Re: Bag / Set ideas - making them substitutable for Arrays makes them more useful

2010-11-13 Thread The Sidhekin
On Sun, Nov 14, 2010 at 12:12 AM, Jon Lang datawea...@gmail.com wrote:

 Carl Mäsak wrote:
  Jonathan Lang ():
  That saves a singlr character over Bag( ... ) and Set( ... ),
  respectively (or three characters, if you find decent unicode bracket
  choices).  It still wouldn't be a big enough deal to me to bother with
  it.
 
  +1. Let's leave it at that.

 That said, I do think that Bag( ... ) should be able to take pairs, so
 that one can easily create a Bag that holds, say, twenty of a given
 item, without having to spell out the item twenty times.

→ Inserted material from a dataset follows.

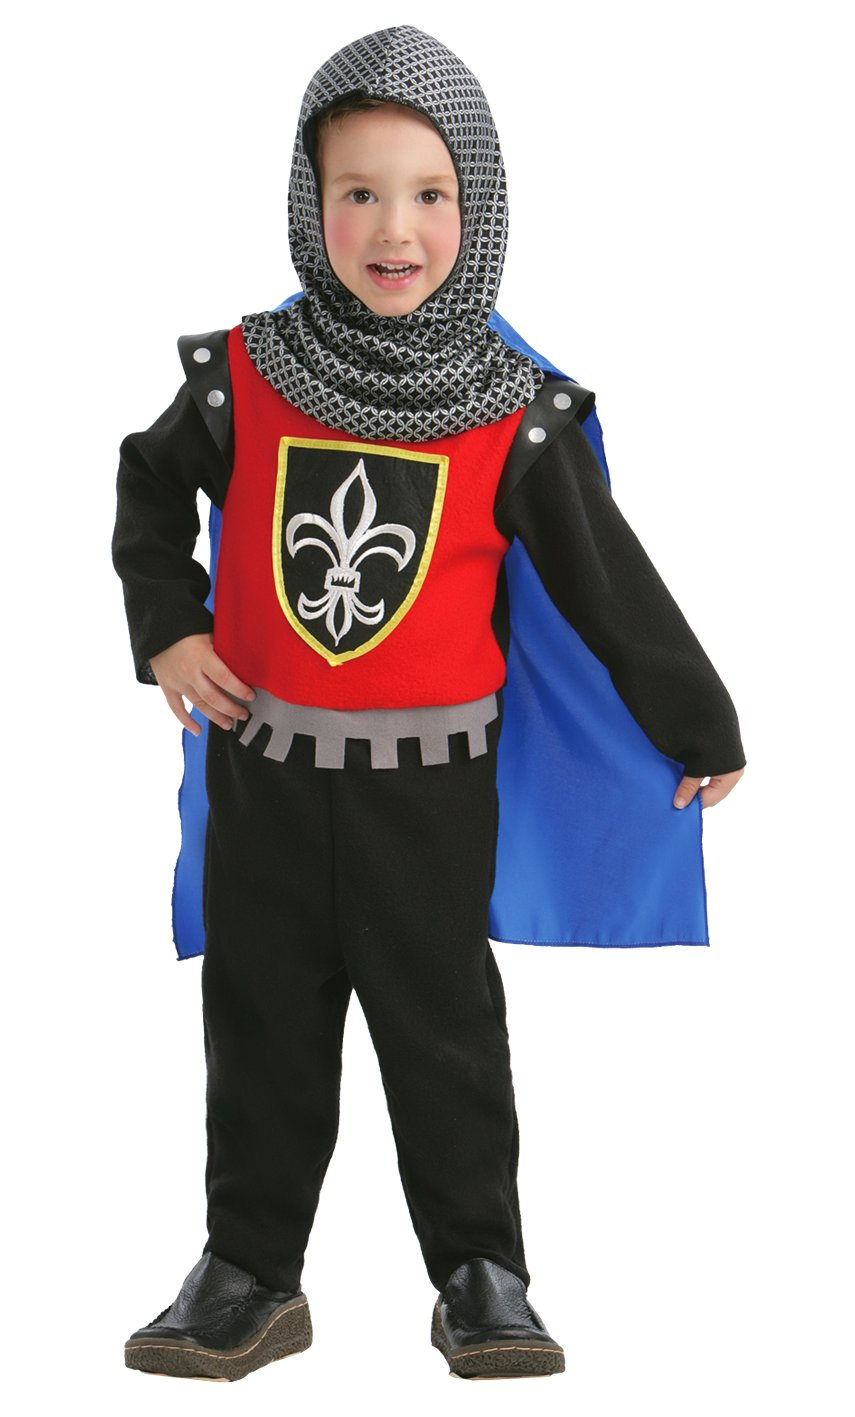 Costume-Chevalier-Garçon-4A

  Doesn't the xx operator cover this?


Eirik


Re: Bag / Set ideas - making them substitutable for Arrays makes them more useful

2010-11-13 Thread Jon Lang
Darren Duncan wrote:
 Jon Lang wrote:

 That saves a singlr character over Bag( ... ) and Set( ... ),
 respectively (or three characters, if you find decent unicode bracket
 choices).  It still wouldn't be a big enough deal to me to bother with
 it.

 As well, my first impression upon seeing [! ... !] was to think
 you're negating everything inside?  That said, I could get behind
 doubled brackets:

    [[1, 2, 3]] # same as Bag(1, 2, 3)
    {{1, 2, 3}} # same as Set(1, 2, 3)

 snip

 I prefer to have the mnemonic that {} means unordered and that [] means
 ordered, so please stick to [] meaning arrays or ordered collections, an {}
 meaning unordered collections, so set and bag syntax should be based around
 {} if either.

 This said, I specifically think that a simple pair of curly braces is the
 best way to mark a Set.

 So:

  {1,2,3}  # a Set of those 3 elements

 ... and this is also how it is done in maths I believe (and in Muldis D).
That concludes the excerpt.